_ACTIVITY_:
Each line of the listing must be set down exactly as it stands.
═════ DATA SHOWN ═════
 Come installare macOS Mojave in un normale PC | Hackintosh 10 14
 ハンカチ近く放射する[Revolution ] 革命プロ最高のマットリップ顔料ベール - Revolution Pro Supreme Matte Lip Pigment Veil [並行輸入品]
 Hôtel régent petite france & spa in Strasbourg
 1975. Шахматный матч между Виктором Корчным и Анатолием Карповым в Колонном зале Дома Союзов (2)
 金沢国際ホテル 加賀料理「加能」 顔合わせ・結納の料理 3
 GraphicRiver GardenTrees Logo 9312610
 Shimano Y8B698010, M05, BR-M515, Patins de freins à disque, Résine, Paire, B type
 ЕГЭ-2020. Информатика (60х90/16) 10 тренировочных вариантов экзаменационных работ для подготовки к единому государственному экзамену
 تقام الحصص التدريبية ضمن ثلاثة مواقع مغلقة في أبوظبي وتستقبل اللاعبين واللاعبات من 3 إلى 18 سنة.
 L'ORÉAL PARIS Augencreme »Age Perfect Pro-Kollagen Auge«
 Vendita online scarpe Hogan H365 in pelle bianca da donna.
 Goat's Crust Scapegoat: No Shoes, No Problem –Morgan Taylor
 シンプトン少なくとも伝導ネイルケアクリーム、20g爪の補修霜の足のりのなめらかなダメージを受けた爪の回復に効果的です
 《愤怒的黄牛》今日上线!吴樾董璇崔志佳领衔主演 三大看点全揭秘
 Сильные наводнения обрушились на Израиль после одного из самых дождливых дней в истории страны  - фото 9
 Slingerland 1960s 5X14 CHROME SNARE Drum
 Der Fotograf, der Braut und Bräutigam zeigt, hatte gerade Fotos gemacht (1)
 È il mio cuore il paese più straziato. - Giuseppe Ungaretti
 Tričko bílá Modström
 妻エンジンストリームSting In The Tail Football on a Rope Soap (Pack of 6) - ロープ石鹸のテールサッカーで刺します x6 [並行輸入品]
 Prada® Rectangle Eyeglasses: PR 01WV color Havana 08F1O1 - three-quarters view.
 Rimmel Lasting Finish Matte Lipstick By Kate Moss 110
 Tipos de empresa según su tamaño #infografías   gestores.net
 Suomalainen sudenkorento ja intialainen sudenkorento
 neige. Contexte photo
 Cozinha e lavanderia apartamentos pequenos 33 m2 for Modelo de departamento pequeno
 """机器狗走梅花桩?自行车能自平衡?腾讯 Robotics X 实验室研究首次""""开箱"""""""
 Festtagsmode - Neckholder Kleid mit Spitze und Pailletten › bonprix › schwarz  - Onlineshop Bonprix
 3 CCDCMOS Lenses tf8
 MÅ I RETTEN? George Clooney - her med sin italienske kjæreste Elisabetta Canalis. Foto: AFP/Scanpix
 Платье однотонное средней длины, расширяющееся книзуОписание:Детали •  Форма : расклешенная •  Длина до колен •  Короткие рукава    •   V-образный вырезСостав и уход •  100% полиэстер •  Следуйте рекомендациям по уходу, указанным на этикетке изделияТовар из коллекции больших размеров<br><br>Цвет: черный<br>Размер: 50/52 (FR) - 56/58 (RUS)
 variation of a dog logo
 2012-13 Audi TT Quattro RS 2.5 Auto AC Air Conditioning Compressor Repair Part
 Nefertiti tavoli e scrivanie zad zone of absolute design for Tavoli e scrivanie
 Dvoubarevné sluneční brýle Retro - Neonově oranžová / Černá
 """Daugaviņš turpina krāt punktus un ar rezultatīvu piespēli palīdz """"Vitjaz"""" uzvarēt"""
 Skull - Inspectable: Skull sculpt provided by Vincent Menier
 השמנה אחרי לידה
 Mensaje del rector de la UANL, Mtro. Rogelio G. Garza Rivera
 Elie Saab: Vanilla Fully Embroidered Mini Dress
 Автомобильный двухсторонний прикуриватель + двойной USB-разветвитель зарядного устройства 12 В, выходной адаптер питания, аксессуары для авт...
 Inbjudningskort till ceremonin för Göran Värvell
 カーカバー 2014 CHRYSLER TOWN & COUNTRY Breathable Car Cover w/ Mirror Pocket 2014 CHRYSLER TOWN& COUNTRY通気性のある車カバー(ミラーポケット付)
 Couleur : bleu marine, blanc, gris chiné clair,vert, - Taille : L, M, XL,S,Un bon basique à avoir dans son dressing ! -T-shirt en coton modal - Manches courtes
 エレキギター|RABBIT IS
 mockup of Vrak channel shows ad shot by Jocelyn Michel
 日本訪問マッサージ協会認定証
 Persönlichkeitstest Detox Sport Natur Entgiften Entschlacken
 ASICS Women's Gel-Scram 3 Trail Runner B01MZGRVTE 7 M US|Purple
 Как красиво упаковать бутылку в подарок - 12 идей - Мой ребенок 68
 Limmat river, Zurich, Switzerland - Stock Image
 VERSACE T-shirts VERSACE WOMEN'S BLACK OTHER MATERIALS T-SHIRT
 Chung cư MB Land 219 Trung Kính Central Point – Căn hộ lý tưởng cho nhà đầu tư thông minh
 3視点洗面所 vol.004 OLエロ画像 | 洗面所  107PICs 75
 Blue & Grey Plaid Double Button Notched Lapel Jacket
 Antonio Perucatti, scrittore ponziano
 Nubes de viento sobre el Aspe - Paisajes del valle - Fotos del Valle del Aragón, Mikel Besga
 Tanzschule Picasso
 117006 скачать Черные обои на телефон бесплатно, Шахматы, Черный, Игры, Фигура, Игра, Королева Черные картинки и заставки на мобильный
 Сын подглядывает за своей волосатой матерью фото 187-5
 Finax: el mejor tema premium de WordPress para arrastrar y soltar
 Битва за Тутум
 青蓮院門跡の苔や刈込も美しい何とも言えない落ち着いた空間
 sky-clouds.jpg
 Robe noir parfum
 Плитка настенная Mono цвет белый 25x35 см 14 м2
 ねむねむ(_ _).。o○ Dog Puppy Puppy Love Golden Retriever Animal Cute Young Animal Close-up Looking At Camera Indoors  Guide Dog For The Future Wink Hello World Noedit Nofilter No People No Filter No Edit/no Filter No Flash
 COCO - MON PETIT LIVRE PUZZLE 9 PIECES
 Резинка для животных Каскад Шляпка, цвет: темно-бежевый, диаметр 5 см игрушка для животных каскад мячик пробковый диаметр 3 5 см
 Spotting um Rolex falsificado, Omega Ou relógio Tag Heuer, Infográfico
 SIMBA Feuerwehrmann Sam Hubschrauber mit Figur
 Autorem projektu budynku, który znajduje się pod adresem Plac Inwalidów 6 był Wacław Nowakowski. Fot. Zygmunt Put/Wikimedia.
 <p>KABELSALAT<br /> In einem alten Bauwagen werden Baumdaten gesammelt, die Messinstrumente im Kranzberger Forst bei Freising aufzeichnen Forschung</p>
═════
_TASK RESULT_:
 Come installare macOS Mojave in un normale PC | Hackintosh 10 14
 ハンカチ近く放射する[Revolution ] 革命プロ最高のマットリップ顔料ベール - Revolution Pro Supreme Matte Lip Pigment Veil [並行輸入品]
 Hôtel régent petite france & spa in Strasbourg
 1975. Шахматный матч между Виктором Корчным и Анатолием Карповым в Колонном зале Дома Союзов (2)
 金沢国際ホテル 加賀料理「加能」 顔合わせ・結納の料理 3
 GraphicRiver GardenTrees Logo 9312610
 Shimano Y8B698010, M05, BR-M515, Patins de freins à disque, Résine, Paire, B type
 ЕГЭ-2020. Информатика (60х90/16) 10 тренировочных вариантов экзаменационных работ для подготовки к единому государственному экзамену
 تقام الحصص التدريبية ضمن ثلاثة مواقع مغلقة في أبوظبي وتستقبل اللاعبين واللاعبات من 3 إلى 18 سنة.
 L'ORÉAL PARIS Augencreme »Age Perfect Pro-Kollagen Auge«
 Vendita online scarpe Hogan H365 in pelle bianca da donna.
 Goat's Crust Scapegoat: No Shoes, No Problem –Morgan Taylor
 シンプトン少なくとも伝導ネイルケアクリーム、20g爪の補修霜の足のりのなめらかなダメージを受けた爪の回復に効果的です
 《愤怒的黄牛》今日上线!吴樾董璇崔志佳领衔主演 三大看点全揭秘
 Сильные наводнения обрушились на Израиль после одного из самых дождливых дней в истории страны  - фото 9
 Slingerland 1960s 5X14 CHROME SNARE Drum
 Der Fotograf, der Braut und Bräutigam zeigt, hatte gerade Fotos gemacht (1)
 È il mio cuore il paese più straziato. - Giuseppe Ungaretti
 Tričko bílá Modström
 妻エンジンストリームSting In The Tail Football on a Rope Soap (Pack of 6) - ロープ石鹸のテールサッカーで刺します x6 [並行輸入品]
 Prada® Rectangle Eyeglasses: PR 01WV color Havana 08F1O1 - three-quarters view.
 Rimmel Lasting Finish Matte Lipstick By Kate Moss 110
 Tipos de empresa según su tamaño #infografías   gestores.net
 Suomalainen sudenkorento ja intialainen sudenkorento
 neige. Contexte photo
 Cozinha e lavanderia apartamentos pequenos 33 m2 for Modelo de departamento pequeno
 """机器狗走梅花桩?自行车能自平衡?腾讯 Robotics X 实验室研究首次""""开箱"""""""
 Festtagsmode - Neckholder Kleid mit Spitze und Pailletten › bonprix › schwarz  - Onlineshop Bonprix
 3 CCDCMOS Lenses tf8
 MÅ I RETTEN? George Clooney - her med sin italienske kjæreste Elisabetta Canalis. Foto: AFP/Scanpix
 Платье однотонное средней длины, расширяющееся книзуОписание:Детали •  Форма : расклешенная •  Длина до колен •  Короткие рукава    •   V-образный вырезСостав и уход •  100% полиэстер •  Следуйте рекомендациям по уходу, указанным на этикетке изделияТовар из коллекции больших размеров<br><br>Цвет: черный<br>Размер: 50/52 (FR) - 56/58 (RUS)
 variation of a dog logo
 2012-13 Audi TT Quattro RS 2.5 Auto AC Air Conditioning Compressor Repair Part
 Nefertiti tavoli e scrivanie zad zone of absolute design for Tavoli e scrivanie
 Dvoubarevné sluneční brýle Retro - Neonově oranžová / Černá
 """Daugaviņš turpina krāt punktus un ar rezultatīvu piespēli palīdz """"Vitjaz"""" uzvarēt"""
 Skull - Inspectable: Skull sculpt provided by Vincent Menier
 השמנה אחרי לידה
 Mensaje del rector de la UANL, Mtro. Rogelio G. Garza Rivera
 Elie Saab: Vanilla Fully Embroidered Mini Dress
 Автомобильный двухсторонний прикуриватель + двойной USB-разветвитель зарядного устройства 12 В, выходной адаптер питания, аксессуары для авт...
 Inbjudningskort till ceremonin för Göran Värvell
 カーカバー 2014 CHRYSLER TOWN & COUNTRY Breathable Car Cover w/ Mirror Pocket 2014 CHRYSLER TOWN& COUNTRY通気性のある車カバー(ミラーポケット付)
 Couleur : bleu marine, blanc, gris chiné clair,vert, - Taille : L, M, XL,S,Un bon basique à avoir dans son dressing ! -T-shirt en coton modal - Manches courtes
 エレキギター|RABBIT IS
 mockup of Vrak channel shows ad shot by Jocelyn Michel
 日本訪問マッサージ協会認定証
 Persönlichkeitstest Detox Sport Natur Entgiften Entschlacken
 ASICS Women's Gel-Scram 3 Trail Runner B01MZGRVTE 7 M US|Purple
 Как красиво упаковать бутылку в подарок - 12 идей - Мой ребенок 68
 Limmat river, Zurich, Switzerland - Stock Image
 VERSACE T-shirts VERSACE WOMEN'S BLACK OTHER MATERIALS T-SHIRT
 Chung cư MB Land 219 Trung Kính Central Point – Căn hộ lý tưởng cho nhà đầu tư thông minh
 3視点洗面所 vol.004 OLエロ画像 | 洗面所  107PICs 75
 Blue & Grey Plaid Double Button Notched Lapel Jacket
 Antonio Perucatti, scrittore ponziano
 Nubes de viento sobre el Aspe - Paisajes del valle - Fotos del Valle del Aragón, Mikel Besga
 Tanzschule Picasso
 117006 скачать Черные обои на телефон бесплатно, Шахматы, Черный, Игры, Фигура, Игра, Королева Черные картинки и заставки на мобильный
 Сын подглядывает за своей волосатой матерью фото 187-5
 Finax: el mejor tema premium de WordPress para arrastrar y soltar
 Битва за Тутум
 青蓮院門跡の苔や刈込も美しい何とも言えない落ち着いた空間
 sky-clouds.jpg
 Robe noir parfum
 Плитка настенная Mono цвет белый 25x35 см 14 м2
 ねむねむ(_ _).。o○ Dog Puppy Puppy Love Golden Retriever Animal Cute Young Animal Close-up Looking At Camera Indoors  Guide Dog For The Future Wink Hello World Noedit Nofilter No People No Filter No Edit/no Filter No Flash
 COCO - MON PETIT LIVRE PUZZLE 9 PIECES
 Резинка для животных Каскад Шляпка, цвет: темно-бежевый, диаметр 5 см игрушка для животных каскад мячик пробковый диаметр 3 5 см
 Spotting um Rolex falsificado, Omega Ou relógio Tag Heuer, Infográfico
 SIMBA Feuerwehrmann Sam Hubschrauber mit Figur
 Autorem projektu budynku, który znajduje się pod adresem Plac Inwalidów 6 był Wacław Nowakowski. Fot. Zygmunt Put/Wikimedia.
 <p>KABELSALAT<br /> In einem alten Bauwagen werden Baumdaten gesammelt, die Messinstrumente im Kranzberger Forst bei Freising aufzeichnen Forschung</p>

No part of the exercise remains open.